Test these first (highest real-world exploitability)

  1. Open redirect in OAuth redirect_uri -- EPSS is low for open redirects alone, but when chained with OAuth flows, it enables token theft. This is the highest-impact open redirect scenario and frequently exploited in bug bounty programs.
  2. Open redirect on login/logout flows -- Post-authentication redirects (/login?next=, /logout?redirect=) are the most common vectors. They carry session context that makes phishing more effective.
  3. Open redirect chained with SSRF -- Server-side fetchers that follow redirects can be exploited by redirecting to internal services. If the application has both SSRF and open redirect, chain them.

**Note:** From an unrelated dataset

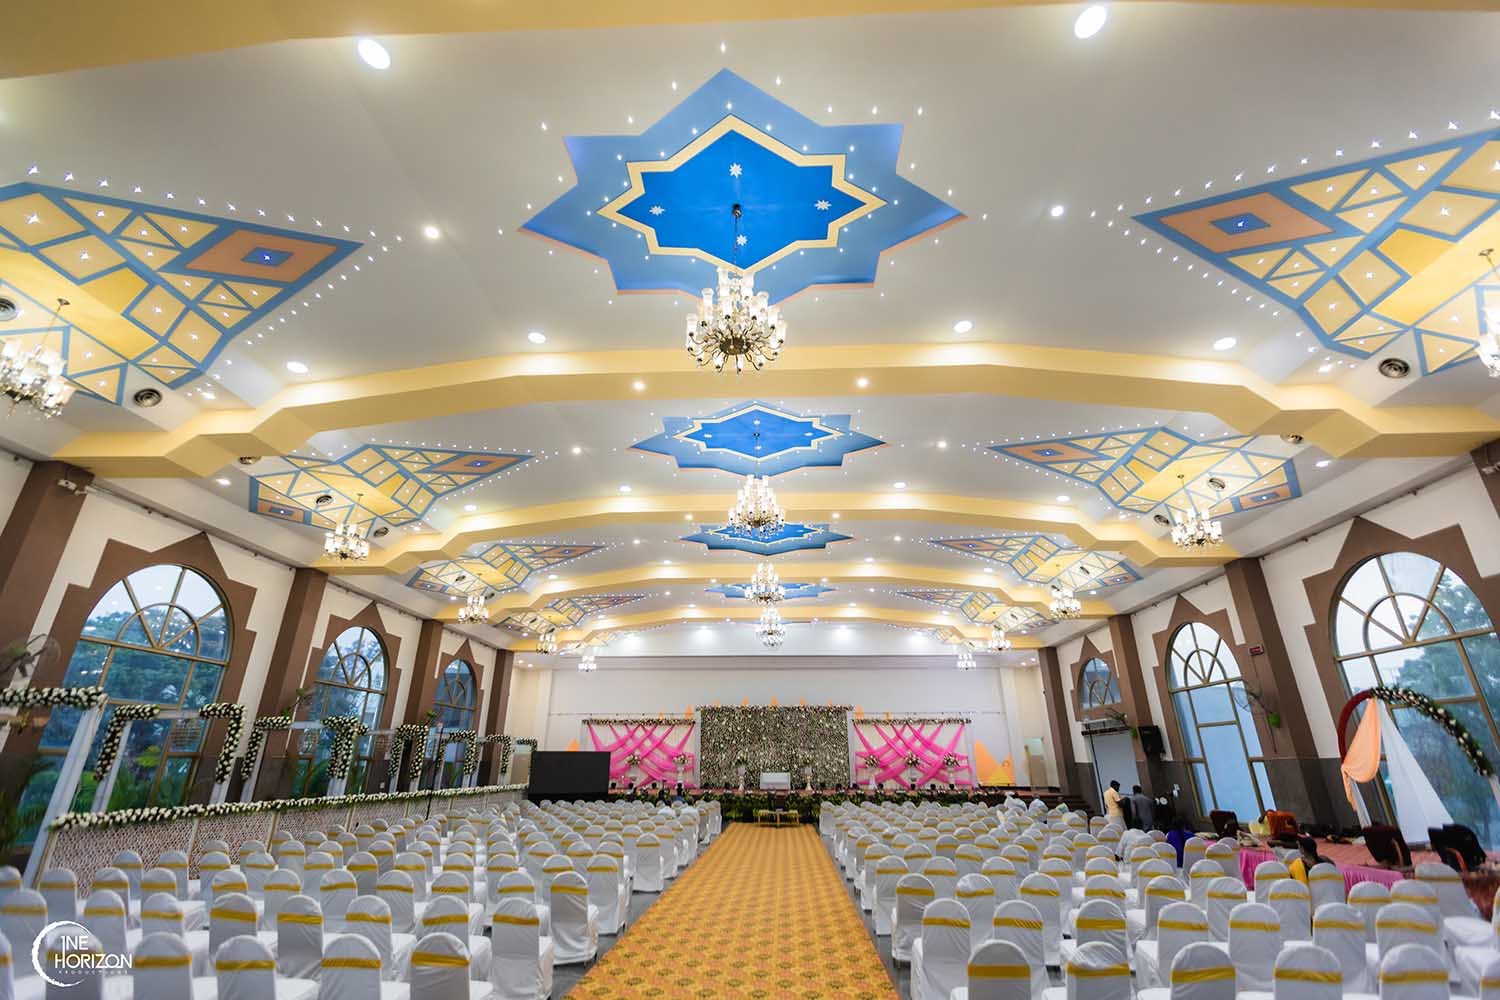 Expansive seating arrangements at Sun Palace Hotel banquet halls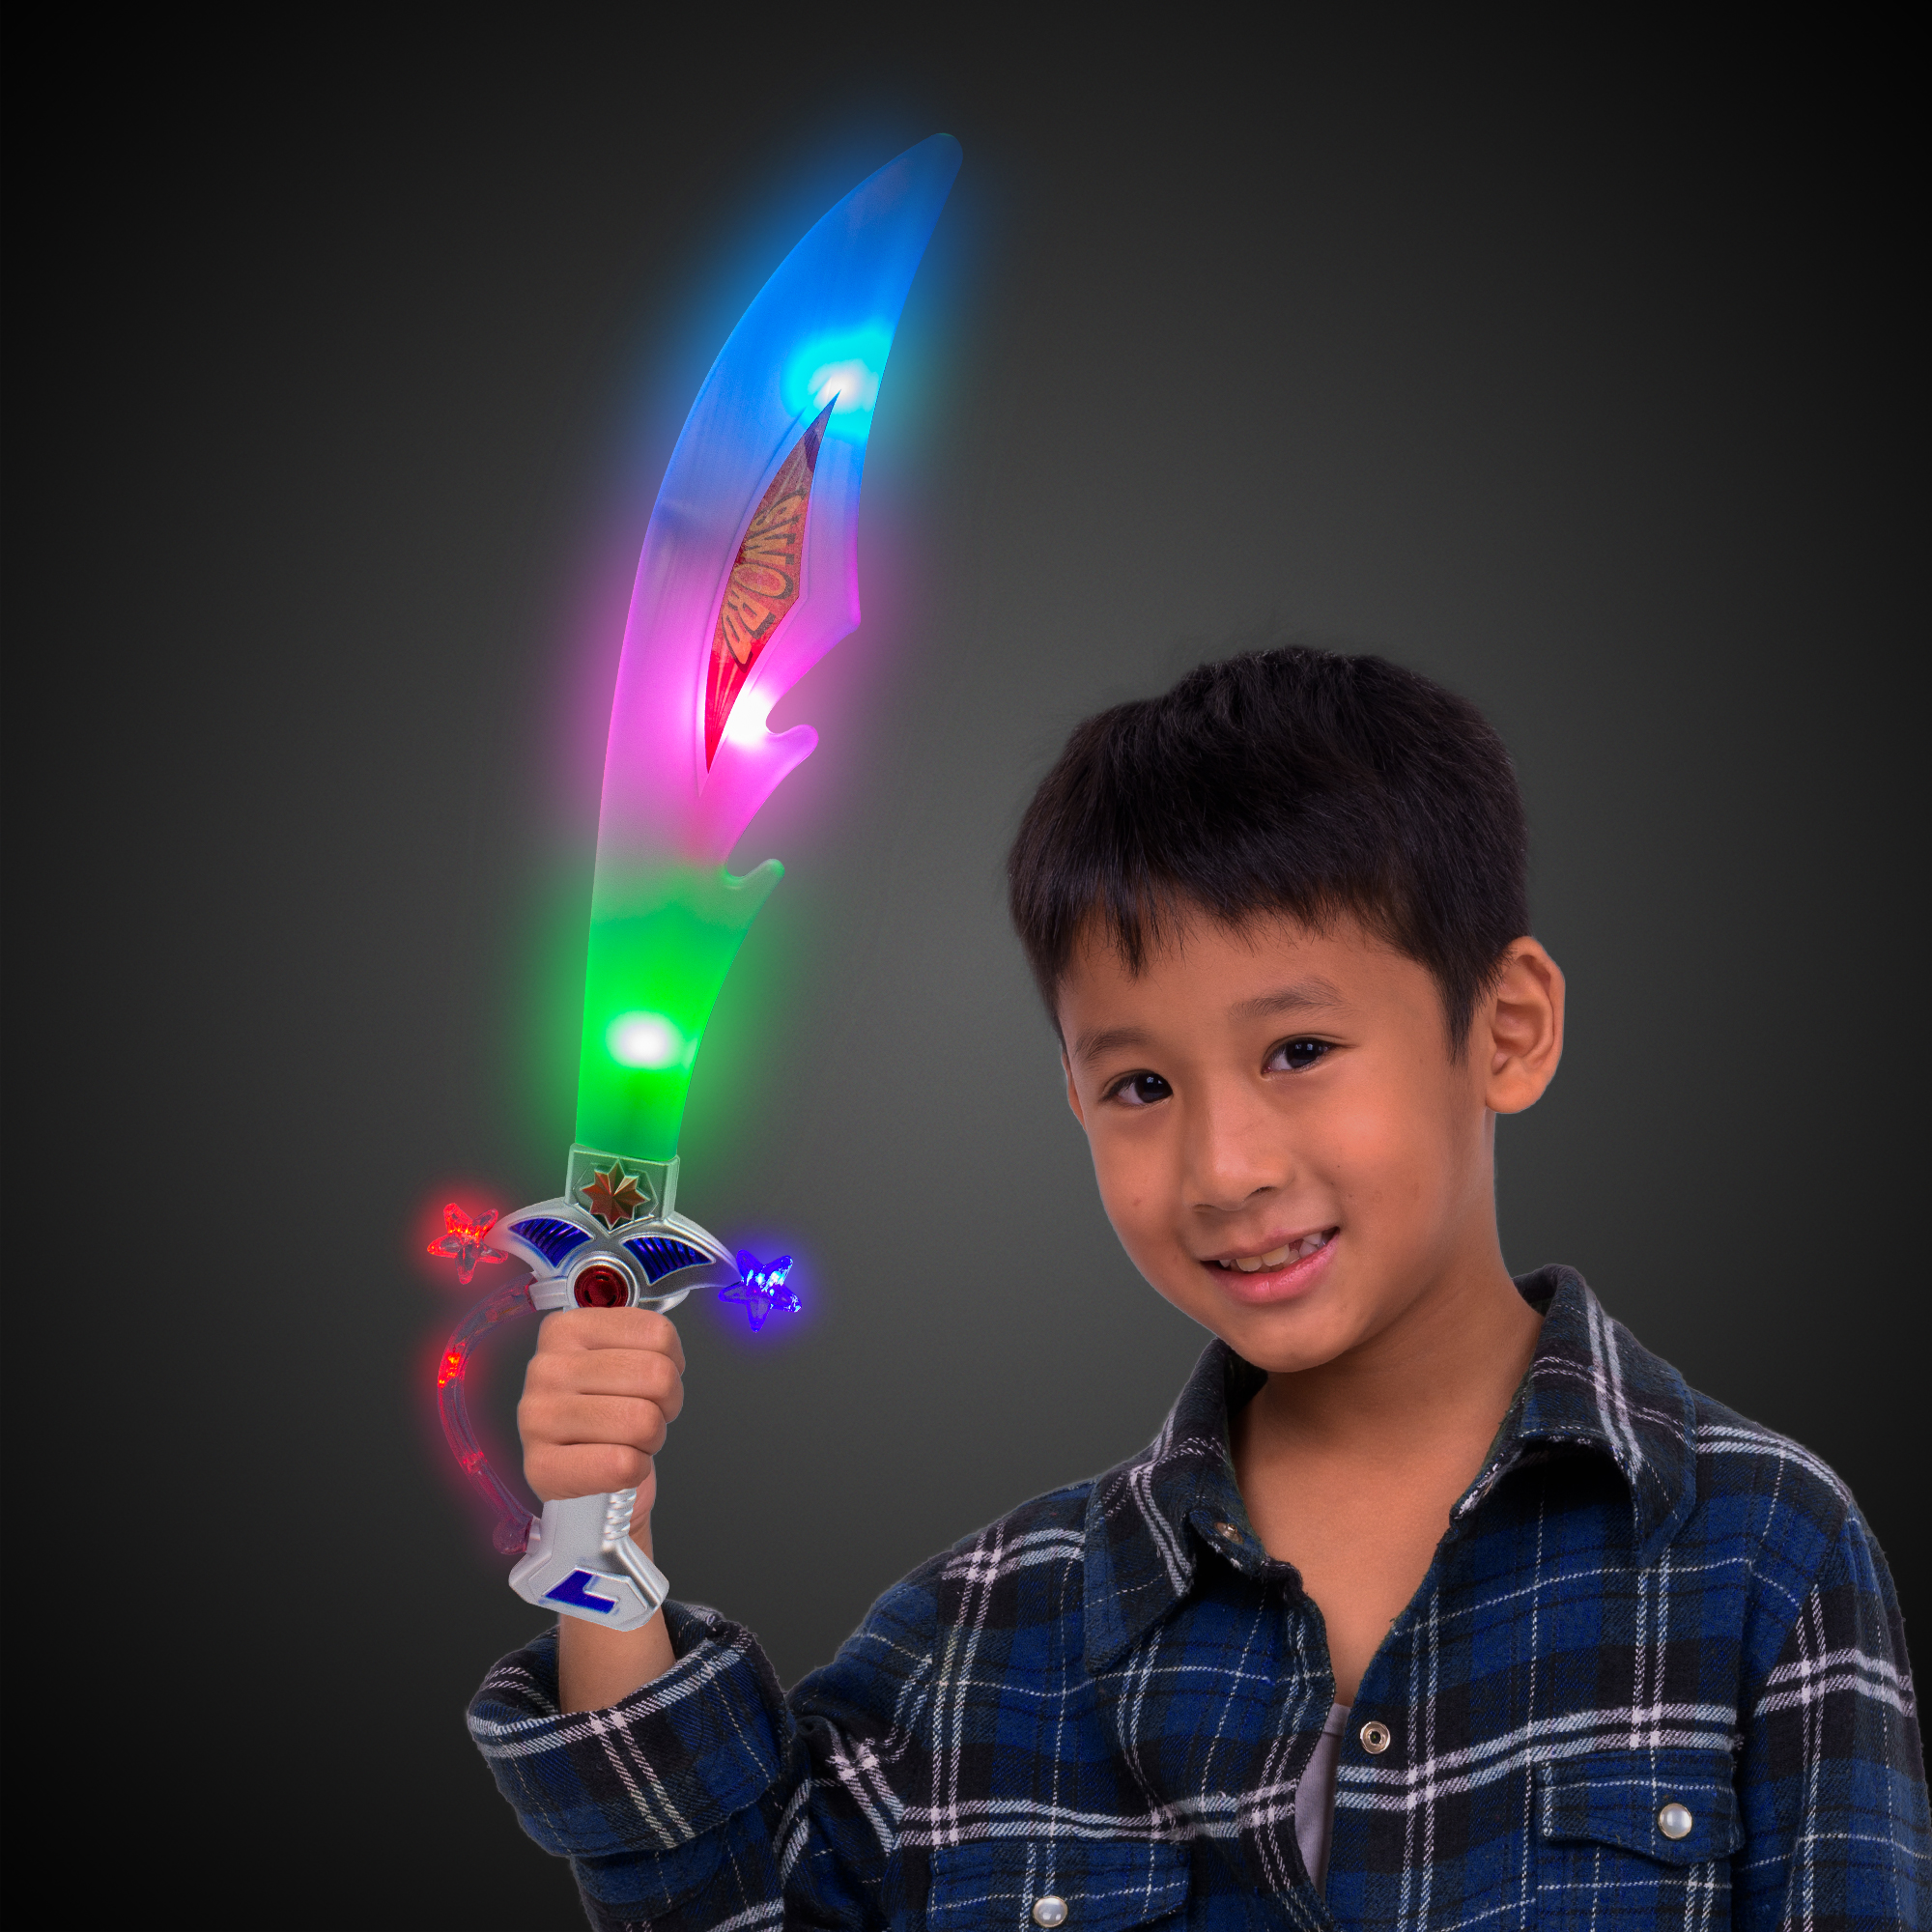 LED Pirate Sword

Test these if time permits (lower exploitability)

  1. javascript:/data: protocol injection in redirect parameters -- Escalates open redirect to XSS. Only works when the redirect value is placed in href attributes or location assignments without protocol validation.
  2. Header injection via CRLF in redirect parameters -- If the application sets Location header from user input without sanitizing newlines, inject additional headers or response splitting.
  3. Open redirect via meta refresh or JavaScript -- Client-side redirects in error pages or post-action pages. Lower impact since the redirect is visible to the user.

Skip if

  • Application does not perform any redirects based on user-supplied parameters
  • All redirects use a strict allowlist of internal paths (no external URLs accepted)
  • Open redirect is the only finding with no chaining opportunity (standalone open redirect is typically Low severity)

Asset criticality

Prioritize by chaining potential: OAuth/SSO redirect parameters (token theft) > login/logout redirects (phishing with session context) > general navigation redirects (phishing only). Open redirect value increases dramatically when it can be chained with SSRF, OAuth token theft, or XSS escalation.